Few things trigger more fear than the thought of public speaking. But going blind during a spacewalk while circling the Earth at five miles a second might be scarier.

That's what happened to Canadian astronaut Chris Hadfield when he conducted a spacewalk to make a repair on the International Space Station. It was his first spacewalk, and his left eye went completely shut. The problem soon spread to his right eye, and he went blind in space.

Hadfield did not panic. Before the mission, he and the other astronauts had practiced for any situation, over and over. "We knew everything there is to know about the spacesuit, and we trained underwater thousands of times," Hadfield told a TED audience. "And we don't just practice things going right. We practice things going wrong all the time."

Hadfield didn't panic because the crew had practiced how to bring an incapacitated astronaut back inside the airlock. As it turned out, they didn't need to get to that step. The stuff in Hadfield's eye was no big deal. The anti-fog mixture of oil and soap had gotten into his eyes, and he wiped it out.

Overcoming Stage Fright

Hadfield's experience applies to avoiding panic in most situations, especially when one experiences stage fright. It's hard to talk yourself out of a panic attack in the moment.

The trick is to avoid panicking in the first place.

To do so, you have to practice for your presentation over and over again. The more you rehearse, the more confidence you'll gain for the big event.
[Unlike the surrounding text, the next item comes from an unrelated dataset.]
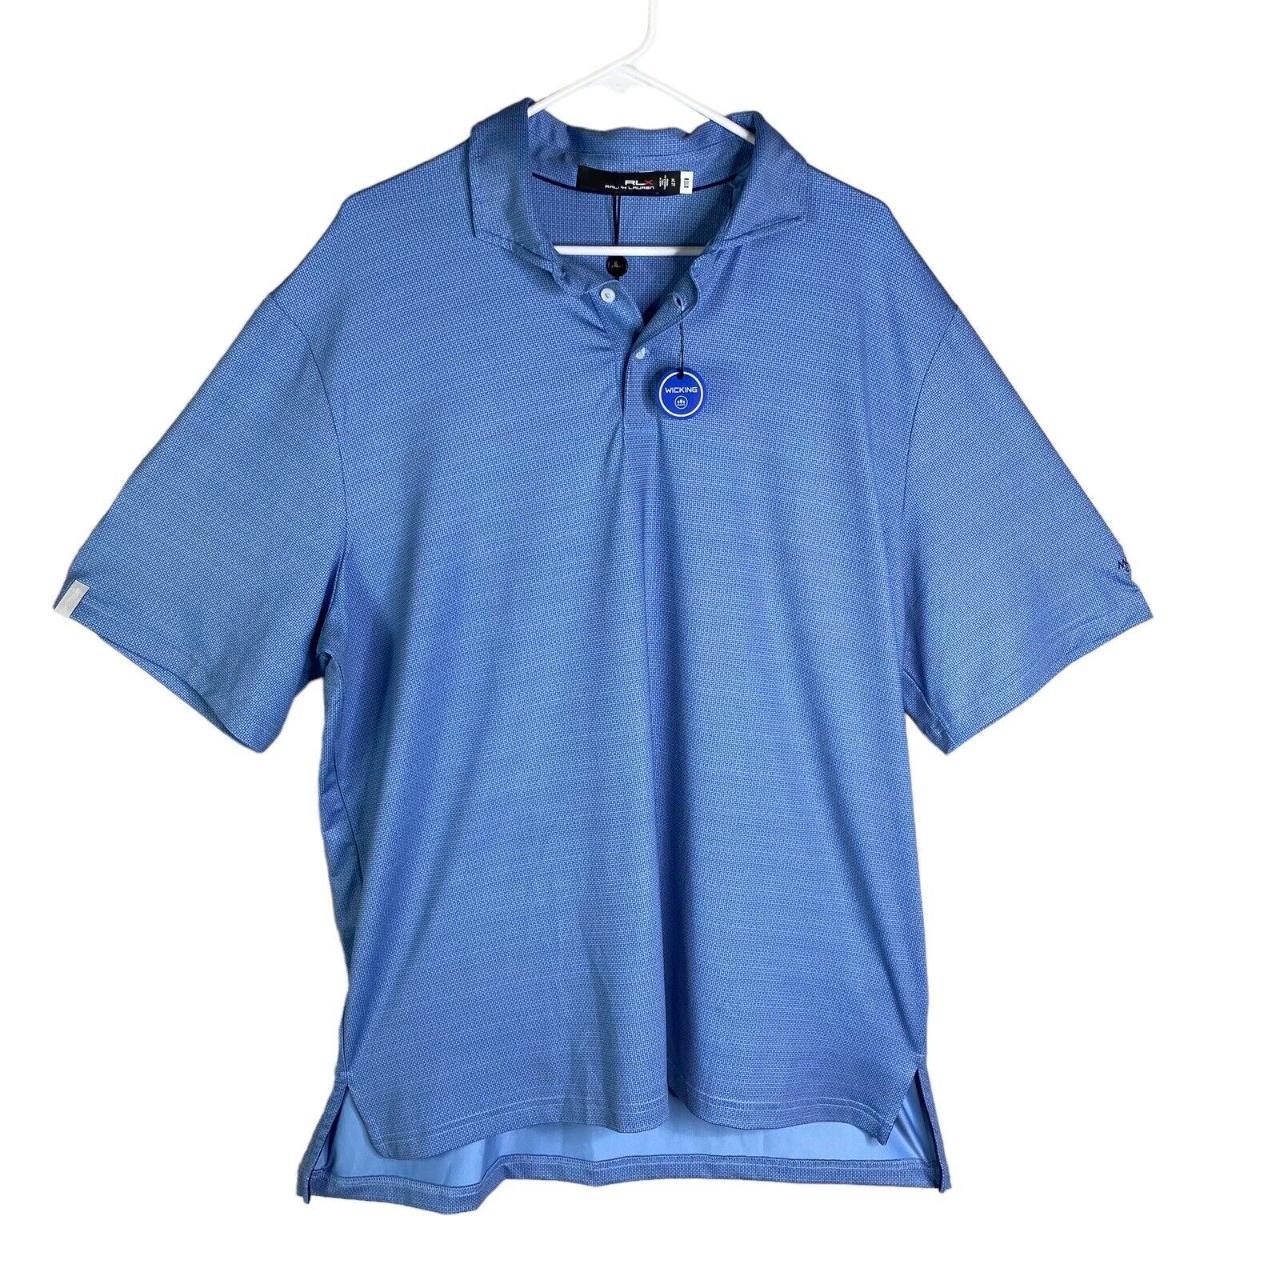 Polo Ralph Lauren RLX Polo Shirt XL Blue Lightweight... - Depop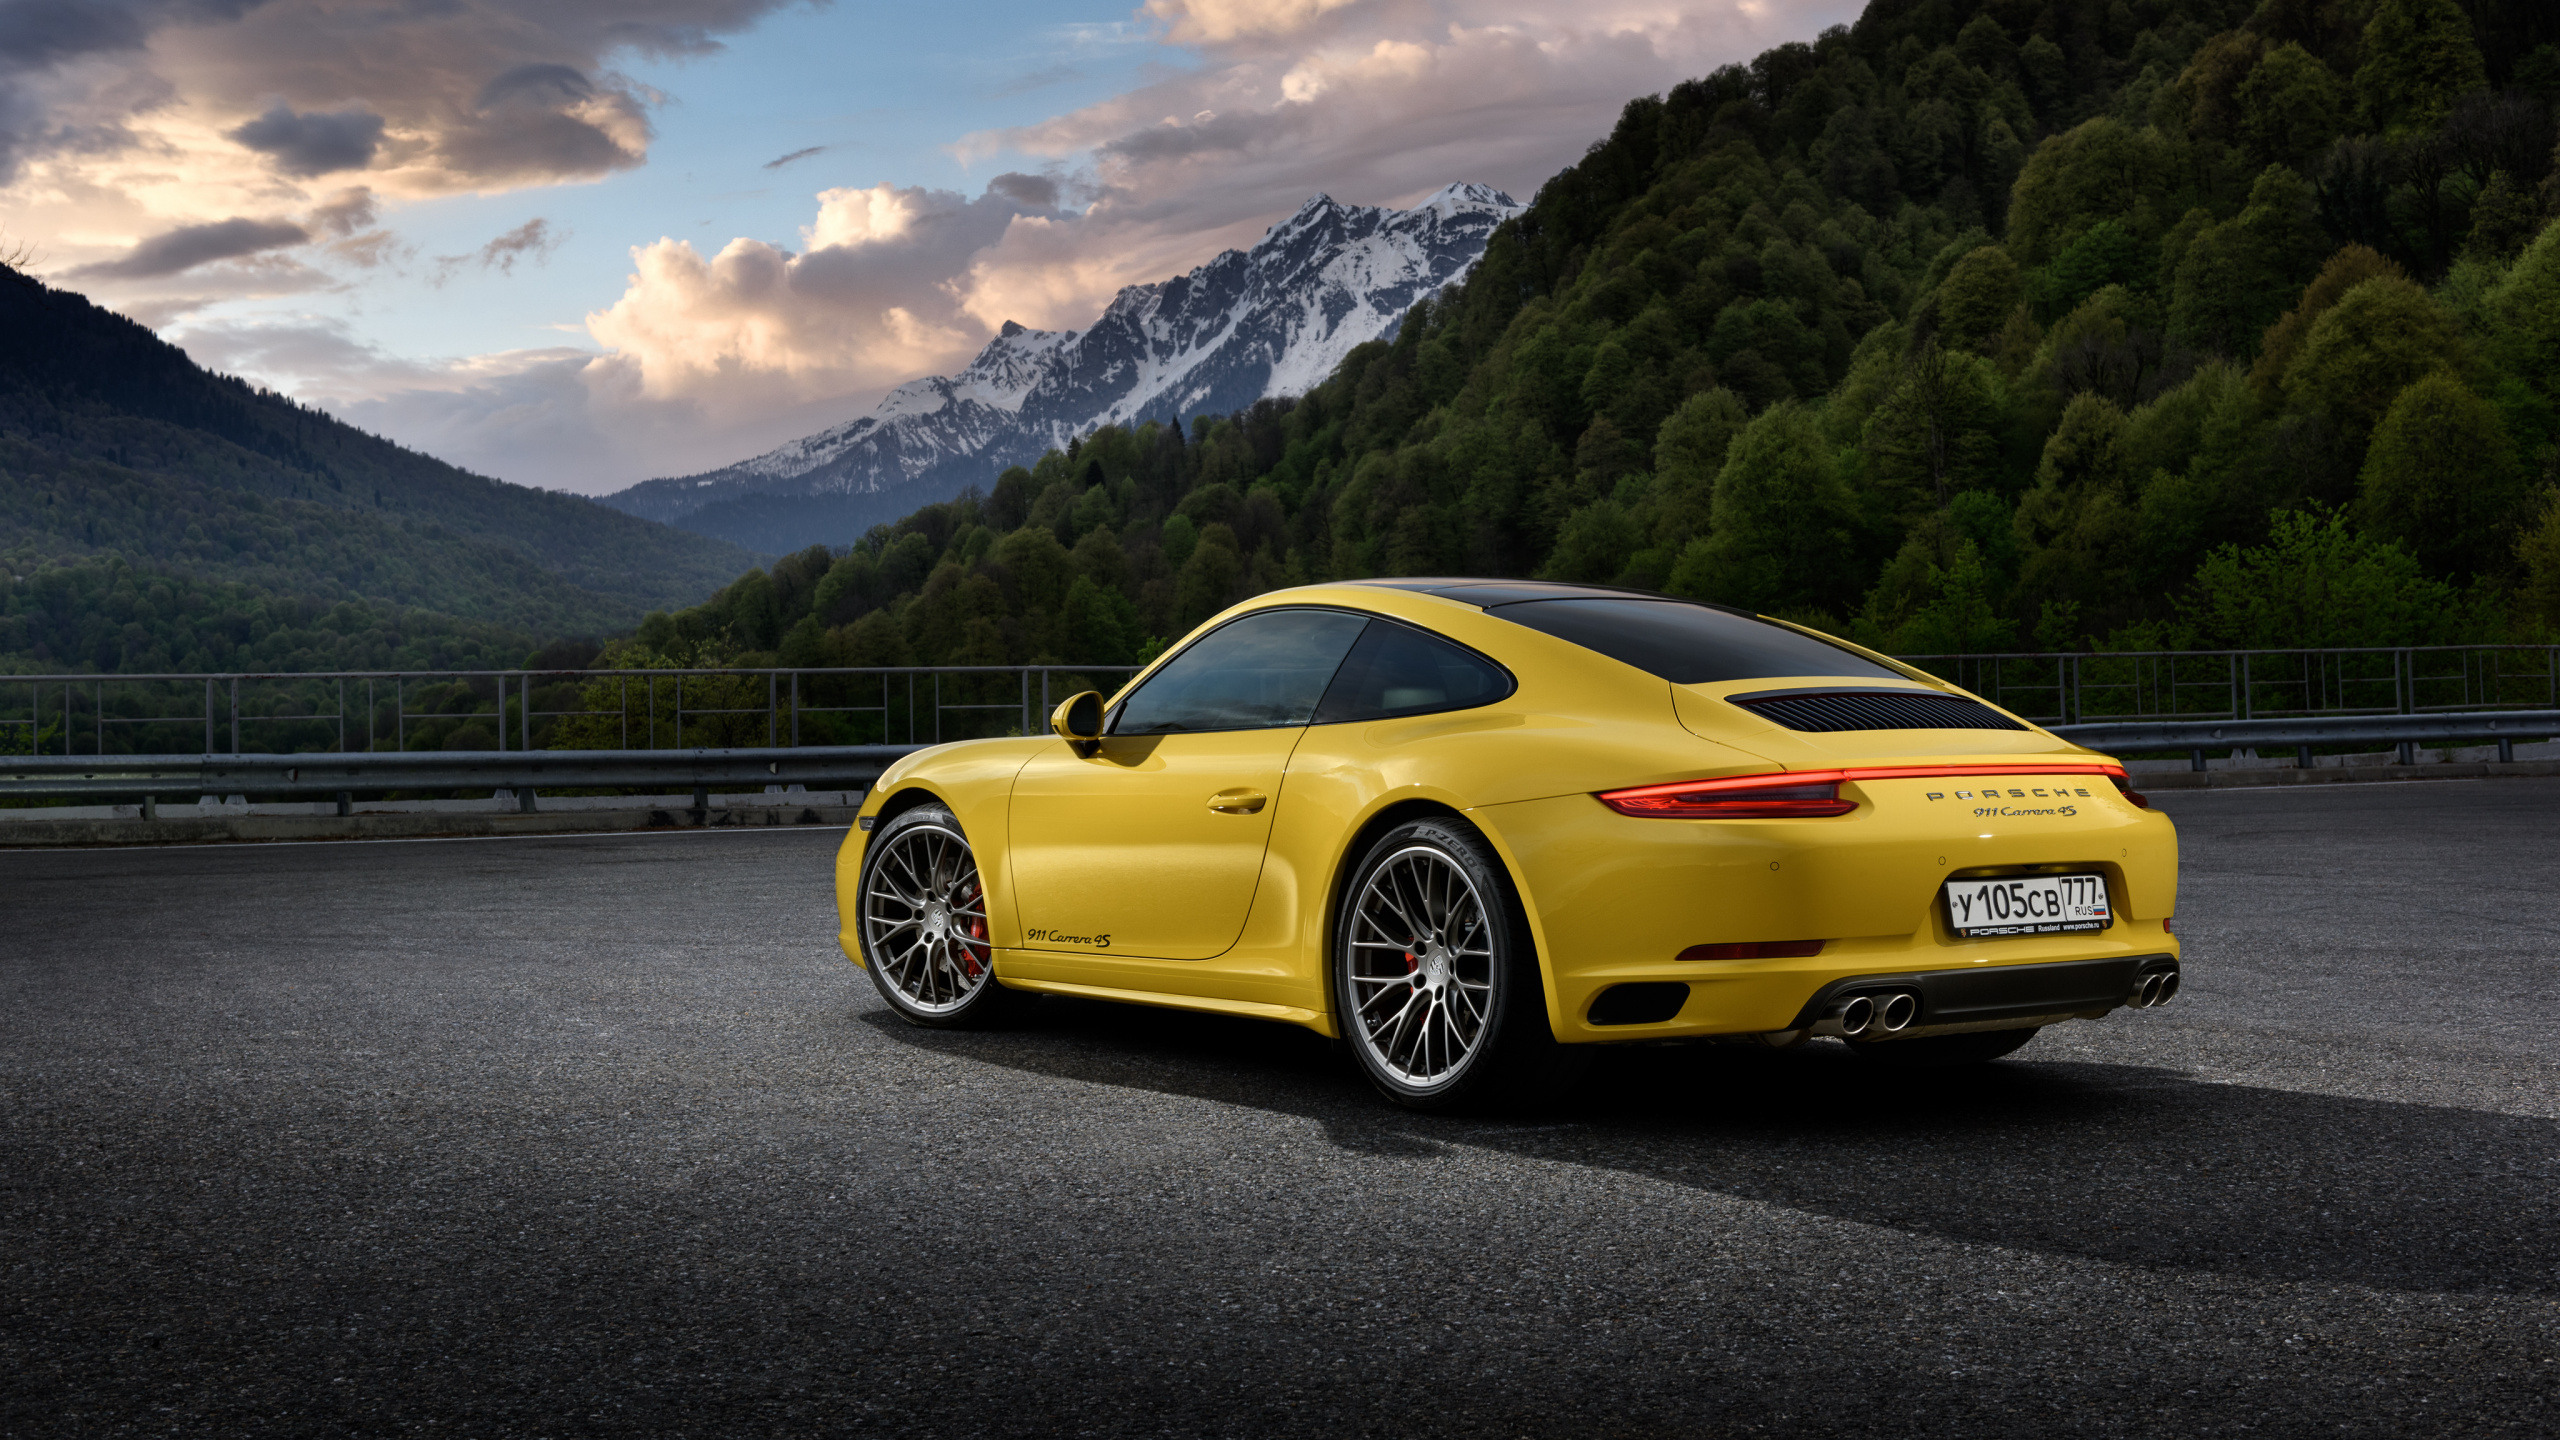 Porsche 911 Amarillo en la Carretera Cerca de la Montaña Durante el Día. Wallpaper in 2560x1440 Resolution

Here's the key. Astronauts don't just practice. They put themselves into stressful scenarios. According to Dr. Sian Beilock in the book Choke, peak performers practice under "mild stress." For public speakers, mild stress means putting yourself in front of a small audience of friends (even one or two people). I know one TED speaker who had previously been invited to talk to a class about her experiences and she asked if she could practice her TED talk on them. She was applying mild stress to prepare for the big day.

Applying Exposure Therapy

In psychology, exposure therapy works well at helping people overcome anxieties. I accidentally conducted my own experiment recently. I was clearing out the cobwebs from our patio furniture when a spider--just large and hairy enough to look somewhat frightening--quickly crawled out. I jumped back at least five feet and started flailing my hands wildly to get rid of any web on me.

Two hours later, I had finished cleaning every piece of furniture and I suddenly realized that the sight of a spider didn't bother me. When I saw one, I'd flick it off with my hand. Webs did not bother me in the least. I simply wiped them off. Without realizing it, I had conquered a fear merely by being exposed to it many times.

The reason many people never conquer their fear of public speaking is because they avoid it. Avoidance minimizes exposure, which only increases anxiety. It's a vicious cycle that makes it nearly impossible to manage the panic that many people feel when speaking in public.

Repetitive exposure--in larger and larger increments--to the thing or situation which causes anxiety will help you manage or even conquer most fears, especially the fear of public speaking.

Exposure therapy works remarkably well. Give it a try to avoid panicking.